Let's walk through the key event handlers.

Creating topics from committed events

When the CreateTopicEvent is applied, each node creates the Topic object and opens a local log if it participates:

func (tm *TopicManager) createTopicFromEvent(topicName, leaderNodeID string,
    leaderEpoch int64, replicaNodeIds []string) {
    if _, exists := tm.Topics[topicName]; exists {
        return // idempotent
    }
    t := &Topic{
        Name:                topicName,
        LeaderNodeID:        leaderNodeID,
        LeaderEpoch:         leaderEpoch,
        DesiredReplicaCount: len(replicaNodeIds),
        Replicas:            make(map[string]*ReplicaState),
        Logger:              tm.Logger,
    }
    for _, replica := range replicaNodeIds {
        t.Replicas[replica] = &ReplicaState{
            ReplicaNodeID: replica,
            LEO:           0,
            IsISR:         true,
        }
    }
    tm.Topics[topicName] = t
    tm.ensureLocalLogForTopic(topicName, leaderNodeID, replicaNodeIds)
}

New replicas start with IsISR: true. The ISR flag is updated as replicas catch up (or fall behind).

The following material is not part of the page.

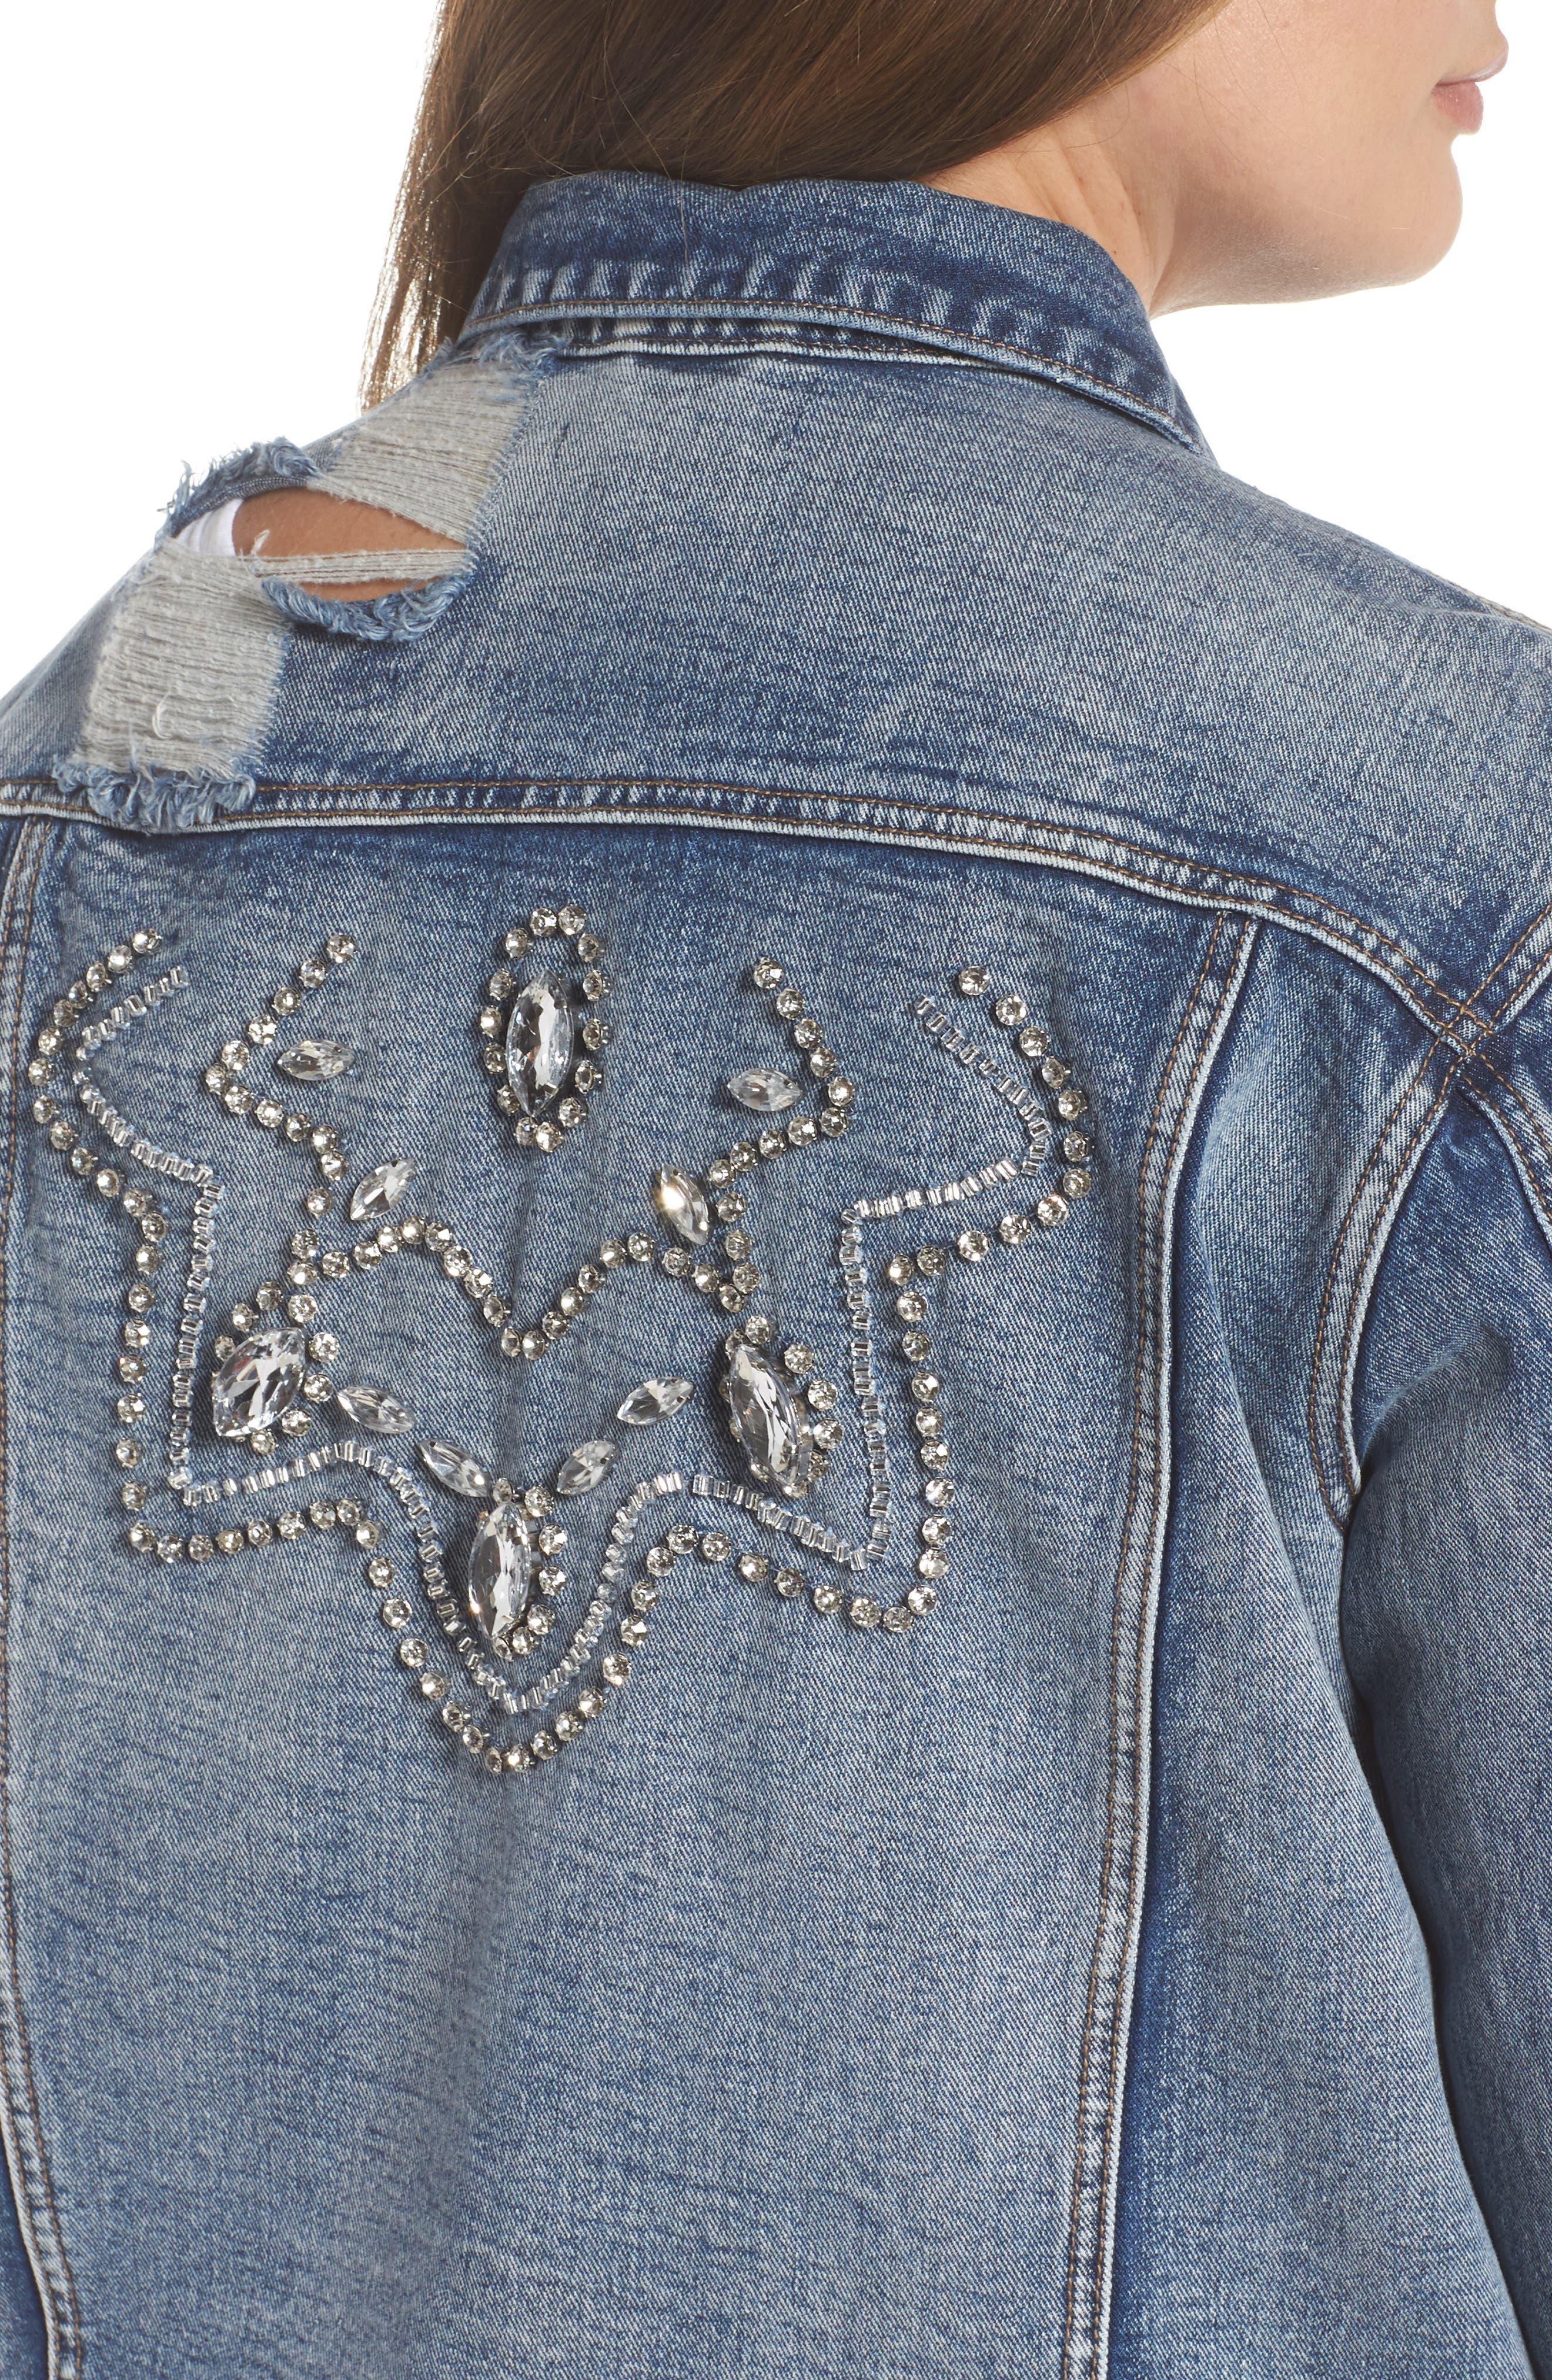 Embellished Distressed Denim Jacket,                             Alternate thumbnail 4, color,                             420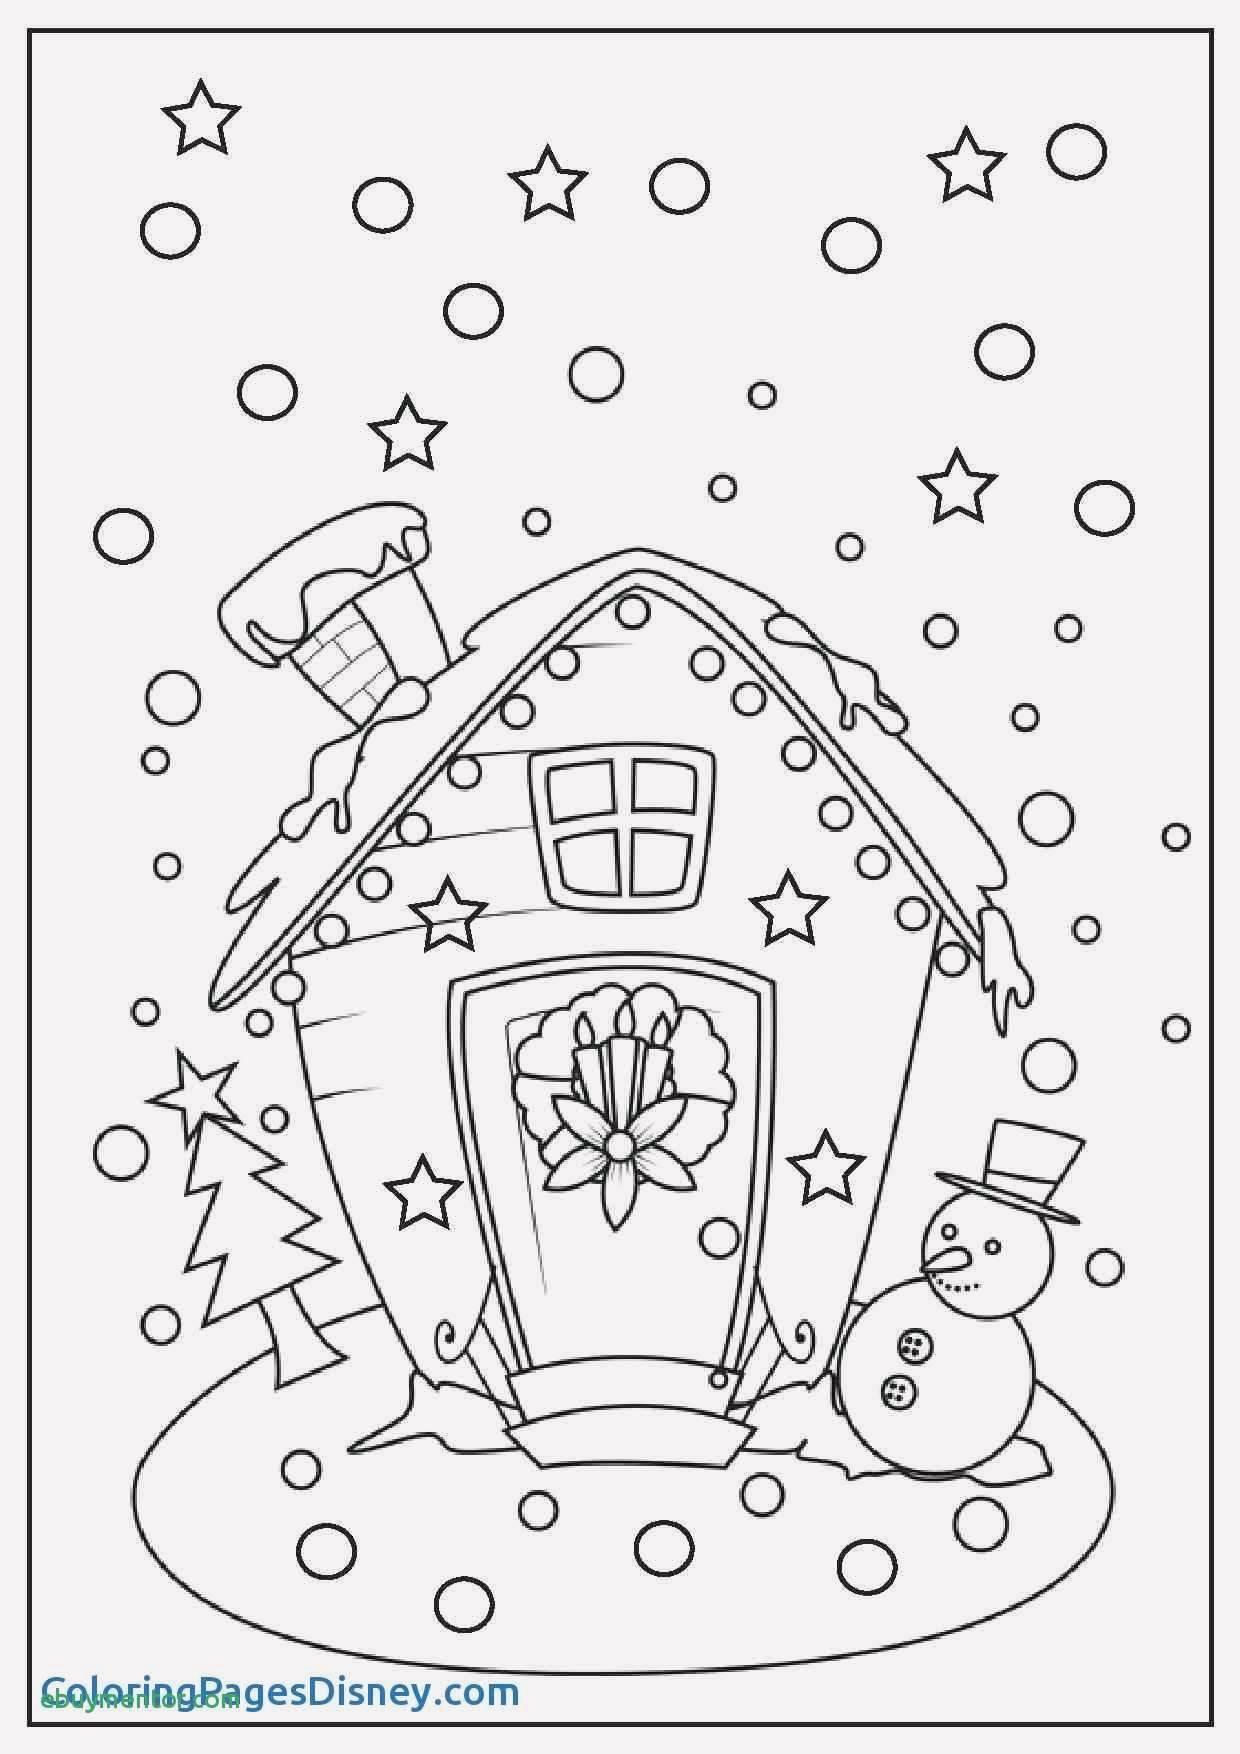 Adler Zeichnungen Zum Ausmalen Inspirierend 25 Erstaunlich Ausmalbilder Weihnachten Olaf Best Adler Bilder

The ensureLocalLogForTopic helper opens the log directory if this node is the leader or a replica:

func (tm *TopicManager) ensureLocalLogForTopic(topicName, leaderNodeID string,
    replicaNodeIds []string) {
    t := tm.Topics[topicName]
    if t == nil {
        return
    }
    if tm.CurrentNodeID == leaderNodeID {
        if t.Log == nil {
            logManager, err := log.NewLogManager(
                filepath.Join(tm.BaseDir, topicName))
            if err != nil {
                tm.Logger.Warn("open leader log failed",
                    zap.String("topic", topicName), zap.Error(err))
                return
            }
            t.Log = logManager
        }
        return
    }
    for _, rid := range replicaNodeIds {
        if rid == tm.CurrentNodeID {
            if t.Log == nil {
                logManager, err := log.NewLogManager(
                    filepath.Join(tm.BaseDir, topicName))
                if err != nil {
                    tm.Logger.Warn("open replica log failed",
                        zap.String("topic", topicName), zap.Error(err))
                    return
                }
                t.Log = logManager
            }
            return
        }
    }
}

Nodes that are neither leader nor replica for the topic don't open a log — they just hold the metadata in memory.

Adding and removing nodes

When a node joins, its addresses are recorded and it is added as a replica for under-replicated topics:

case protocol.MetadataEventTypeAddNode:
    // ... unmarshal ...
    tm.Nodes[e.NodeID] = &NodeMetadata{
        NodeID:  e.NodeID,
        Addr:    e.Addr,
        RpcAddr: e.RpcAddr,
    }
    tm.maybeAddReplicasForNode(e.NodeID)
func (tm *TopicManager) maybeAddReplicasForNode(nodeID string) {
    for _, t := range tm.Topics {
        if t == nil || t.LeaderNodeID == nodeID {
            continue
        }
        if _, already := t.Replicas[nodeID]; already {
            continue
        }
        if len(t.Replicas) >= t.DesiredReplicaCount {
            continue
        }
        if t.Replicas == nil {
            t.Replicas = make(map[string]*ReplicaState)
        }
        t.Replicas[nodeID] = &ReplicaState{
            ReplicaNodeID: nodeID,
            LEO:           0,
            IsISR:         false,
        }
        tm.Logger.Info("added rejoined node as replica",
            zap.String("topic", t.Name),
            zap.String("node_id", nodeID),
        )
    }
}

This is how a crashed and restarted node automatically becomes a replica again — when it rejoins the cluster, the AddNode event triggers maybeAddReplicasForNode, which checks each topic's DesiredReplicaCount. New replicas start with IsISR: false and become in-sync after catching up.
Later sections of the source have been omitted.